BHPビリトンが運営するチリ北部エスコンディーダ銅山のストは10日、2日目を迎えたが、労組がスト長期化を構える中、BHPが不可抗力条項を発動するとの観測が浮上したことが銅相場の急伸につながっているようである。

一方、アルミは終値ベースで高値を更新し、ニッケルも再び節目の10,650ドルまで戻してきた。これを超えると一気に高値を目指すことになろう。また鉛・亜鉛も急伸している。非鉄相場への関心が今後ますます高まることになろう。

原油は3日続伸。需給の引き締まり観測を背景に買われている。国際エネルギー機関(IEA)は月報で、OPECの1月の産油量が前月から日量100万バレル減少し、当初の削減目標の9割程度を達成したとの推計を示したことが材料視された模様。

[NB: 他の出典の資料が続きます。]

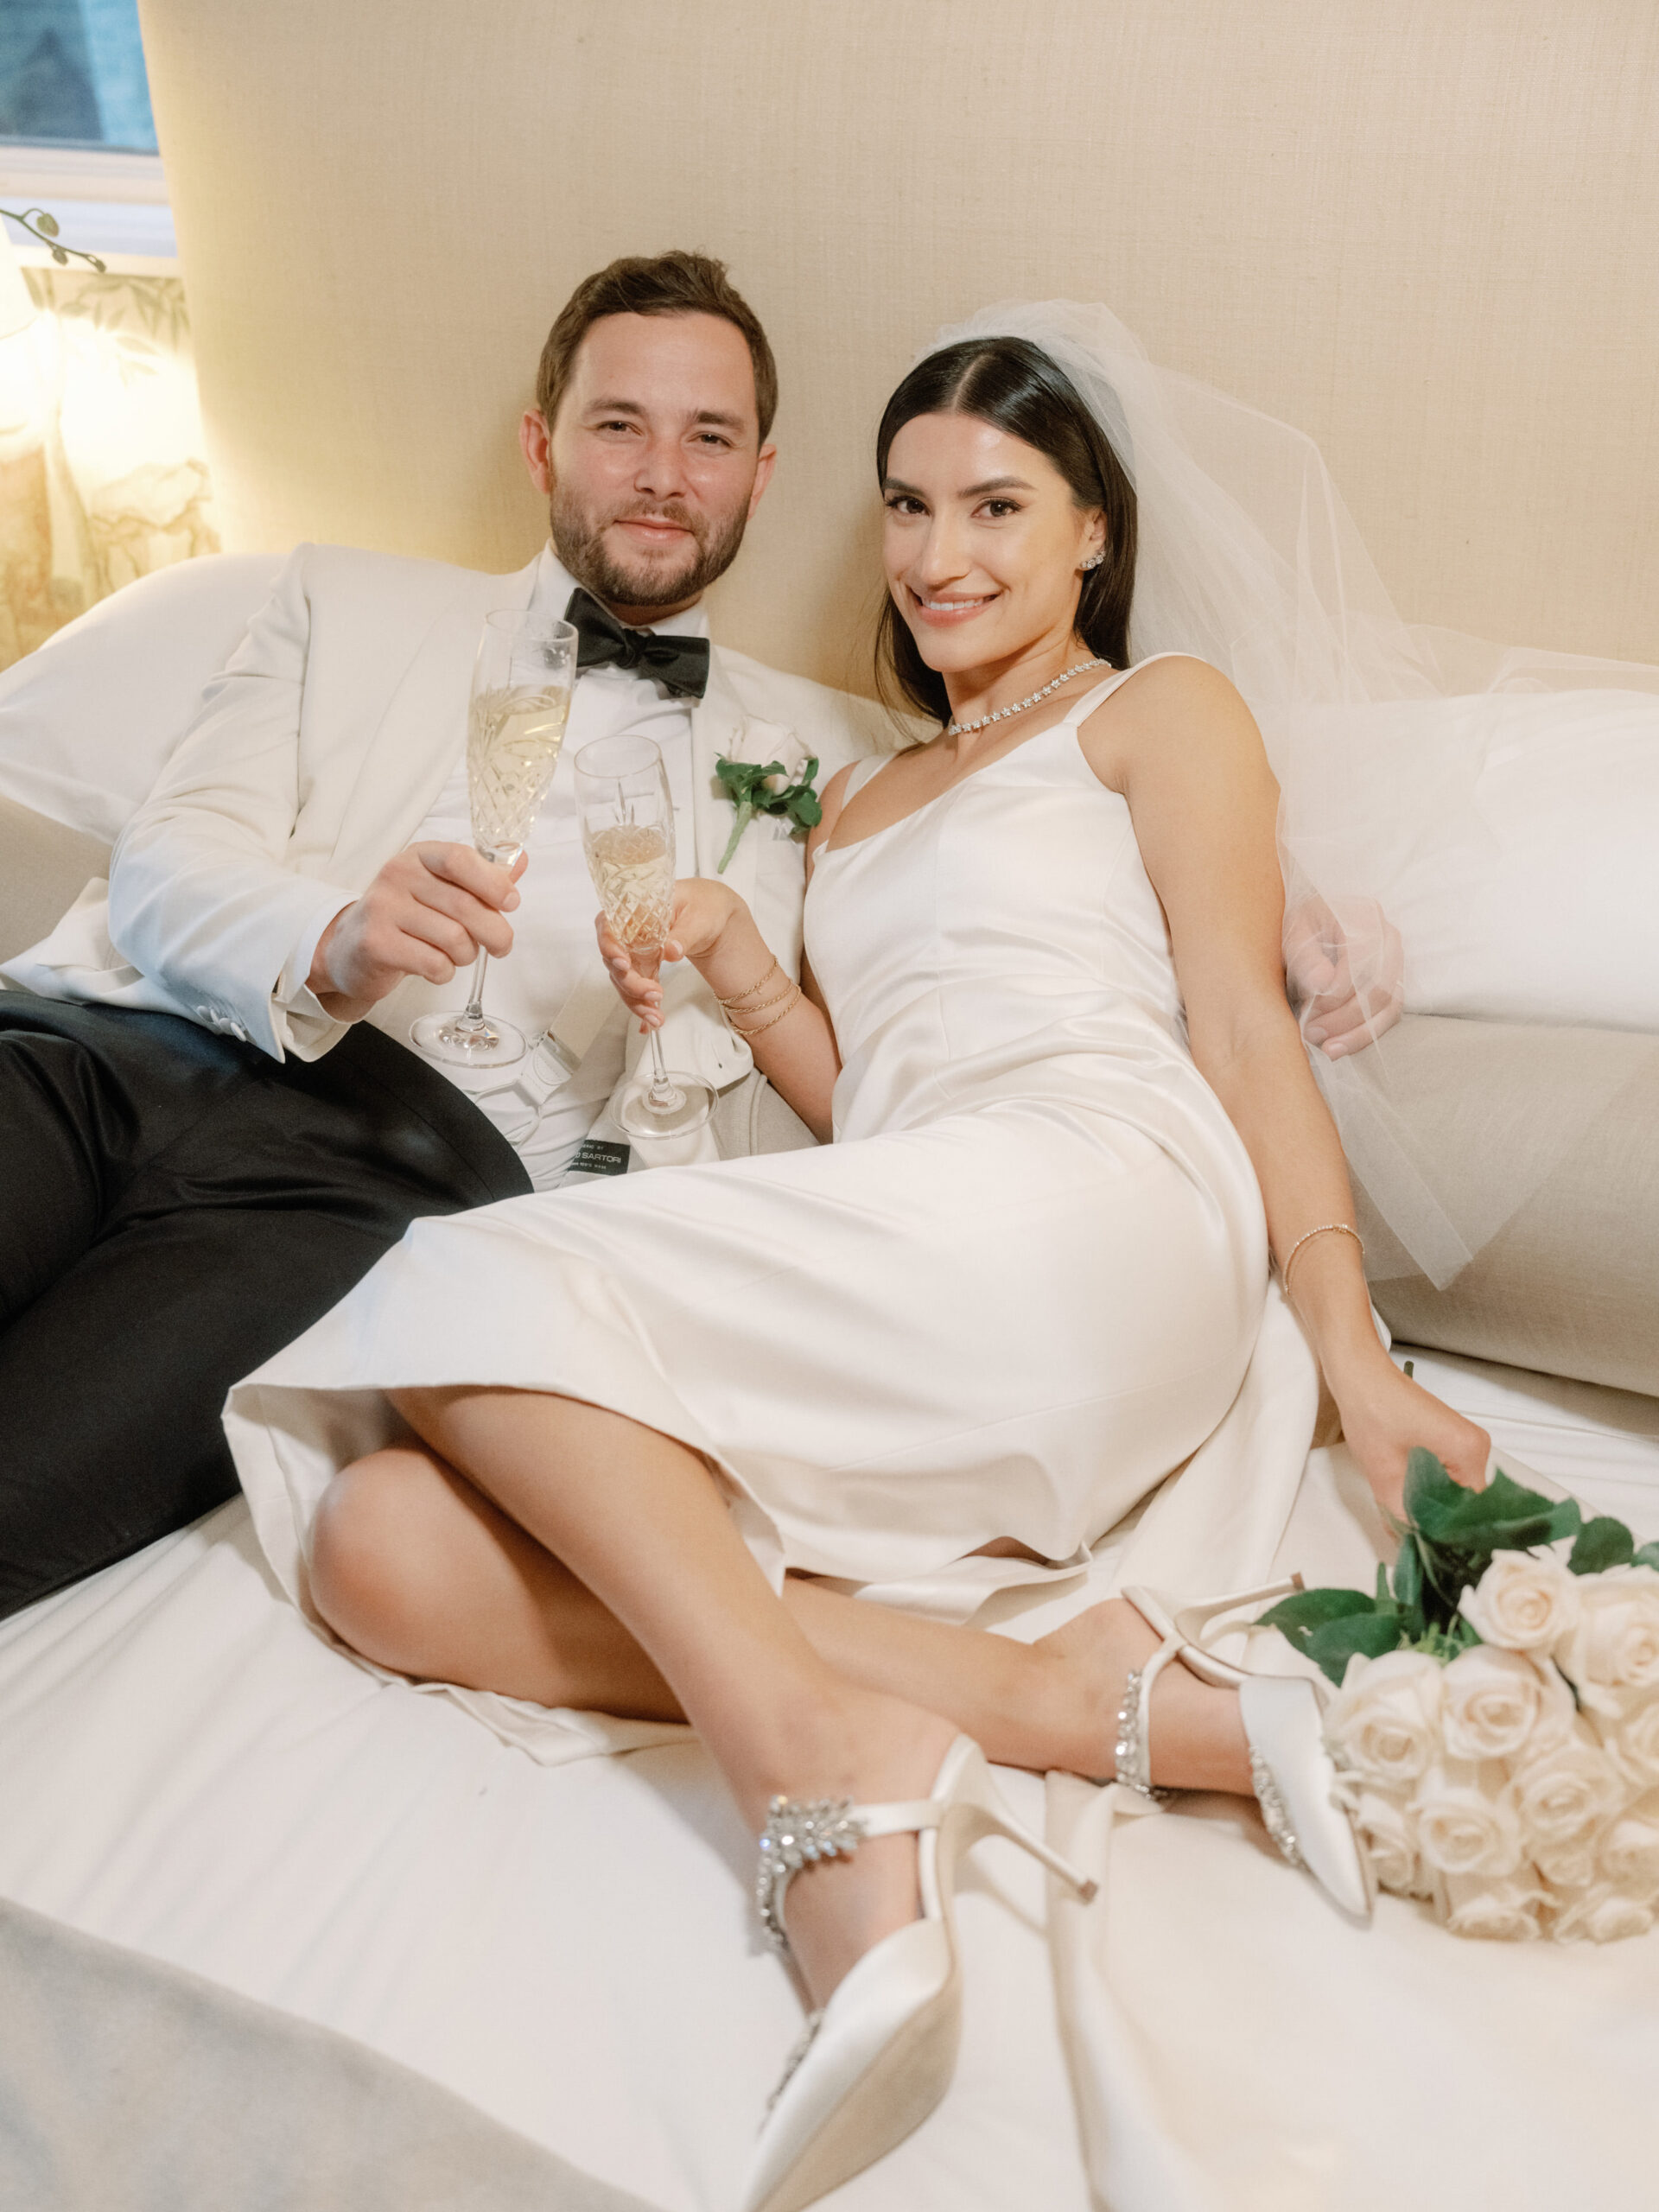 The newlyweds are lying on the bed, holding glasses of champagnes. Timeless Wedding Photography image by Jenny Fu Studio

さらに16年の世界石油需要の伸びについても3カ月連続で上方修正したことから、需給バランスの改善が想定よりも早く解消されるとの見方が広がったことも、買いにつながったようである。

10日時点の米国内の石油掘削リグ稼働数は8基増の591基と、15年10月以来の高水準を再び更新したが、過去には1,609基だったこと考えると、市場はこれを過大評価しすぎであろう。米国が産油量を増やせば原油価格が回復せず、自らの収益を抑制するだけであり、まさに自殺行為であるとみられる。市場はまだこの点を正しく理解していないようである。

一方、IEAの推計では、1月の世界石油生産量は大幅に減少。1月の供給量は日量150万バレル減となり、そのうちOPECの減産分は日量100万バレルと、協調減産の初月にして目標達成率90%を記録した。

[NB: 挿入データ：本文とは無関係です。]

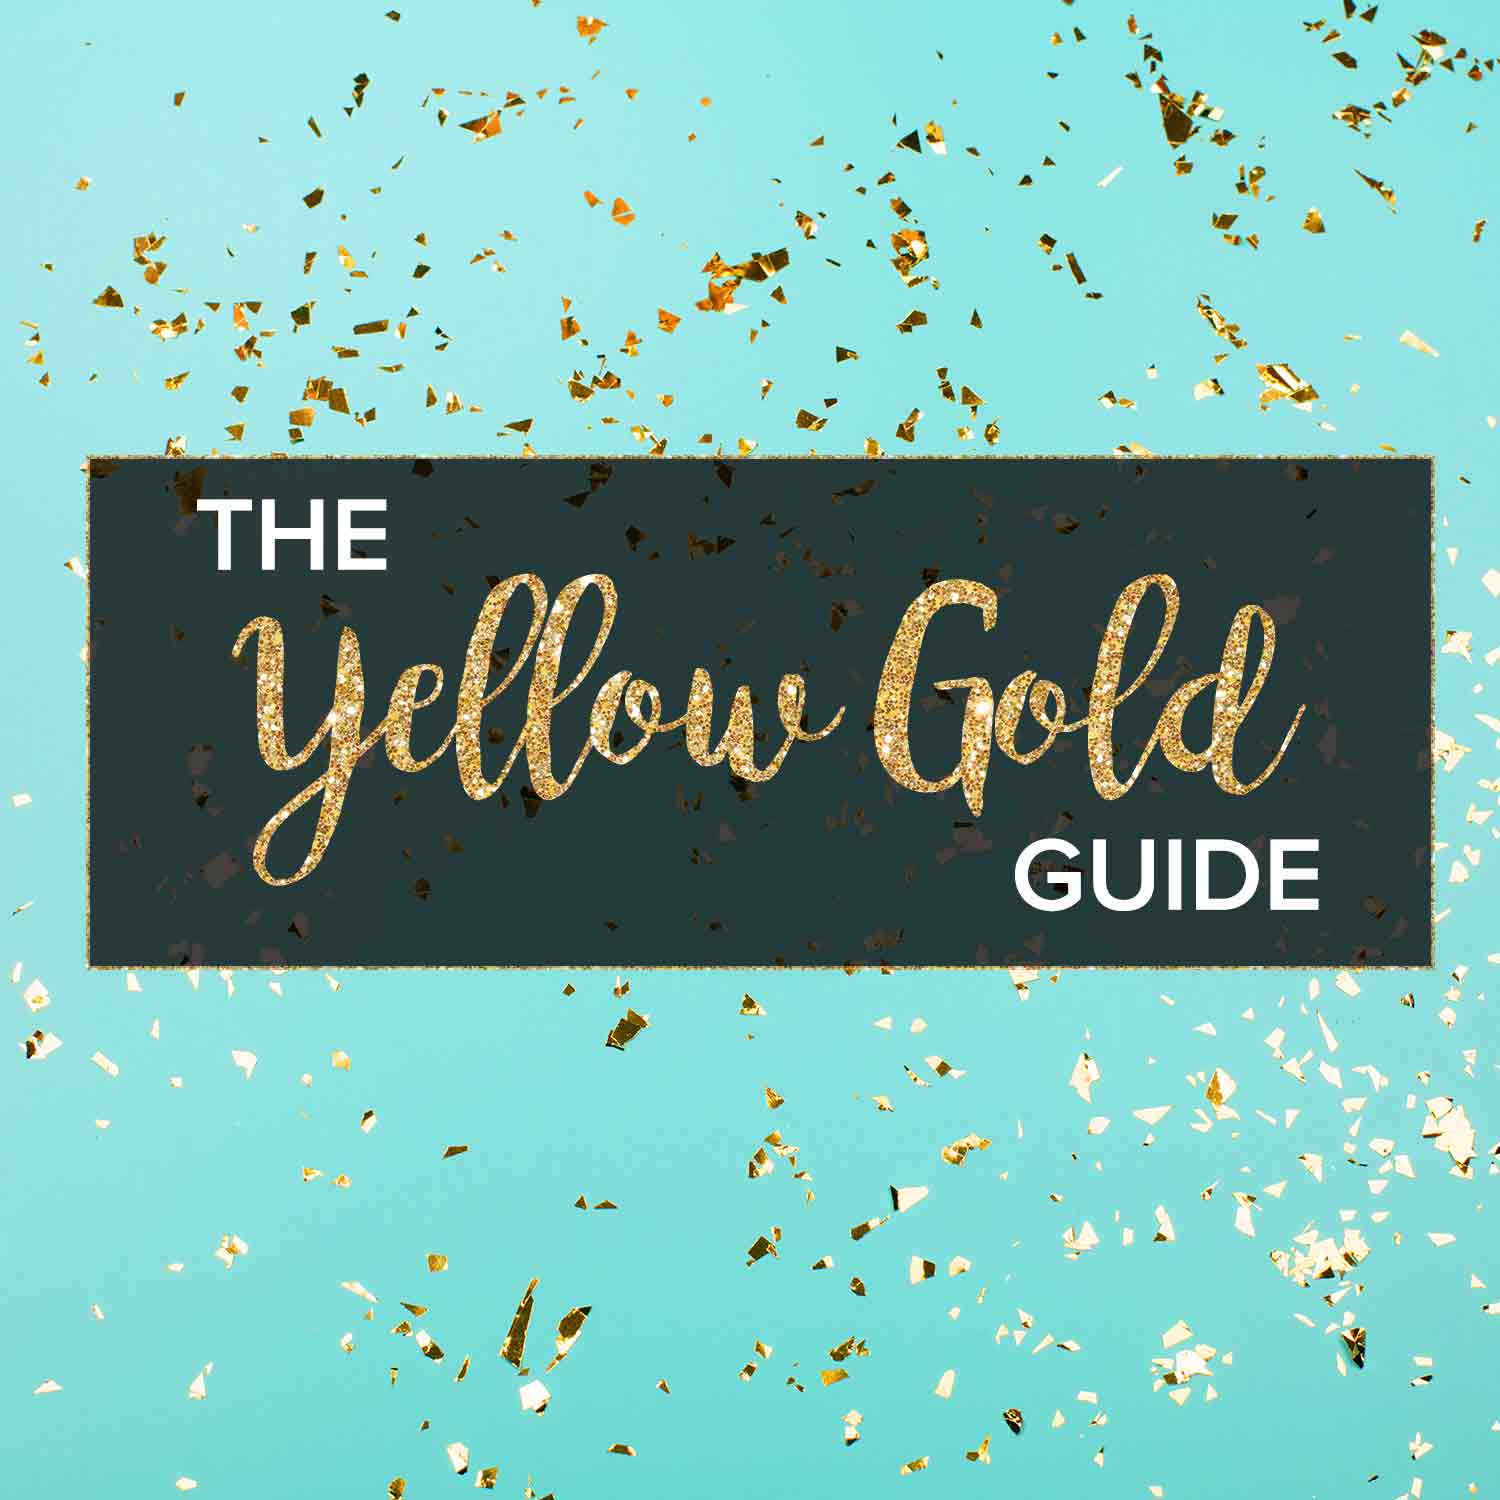 The yellow gold guide.

IEAは、OPECの減産を過去最大規模と指摘し、この減産水準が維持された場合、需要の伸びに伴い、今後6カ月で在庫を日量60万バレル削減することが可能との見方を示している。

OECD加盟国の在庫は16年第4四半期に日量80万バレル減少し、3年ぶりの減少幅となった。昨年12月末時点での在庫は、中国の在庫と海上貯蔵分は増加したものの、15年12月以降で初めて30億バレルを下回った。

ロイターによると、OPEC加盟11カ国の1月の原油生産量は日量2,992万1,000バレルで、減産目標の92%を達成した。OPECは原油価格下支えと供給過剰の解消に向けて、1月1日から日量120万バレル減産することで合意している。

92%の目標達成度は09年の前回の減産合意で当初記録した60%を大幅に上回っている。OPECは13日発表する月報で1月の加盟国産油量を公表する。この数値を受けて、OPECは減産できないとたかをくくっていた市場は再度驚くことになりそうである。

繰り返すように、今回OPECは必ず減産を実行するだろう。それにより、需給バランスが改善すれば、その結果、原油価格は上昇する可能性があるだろう。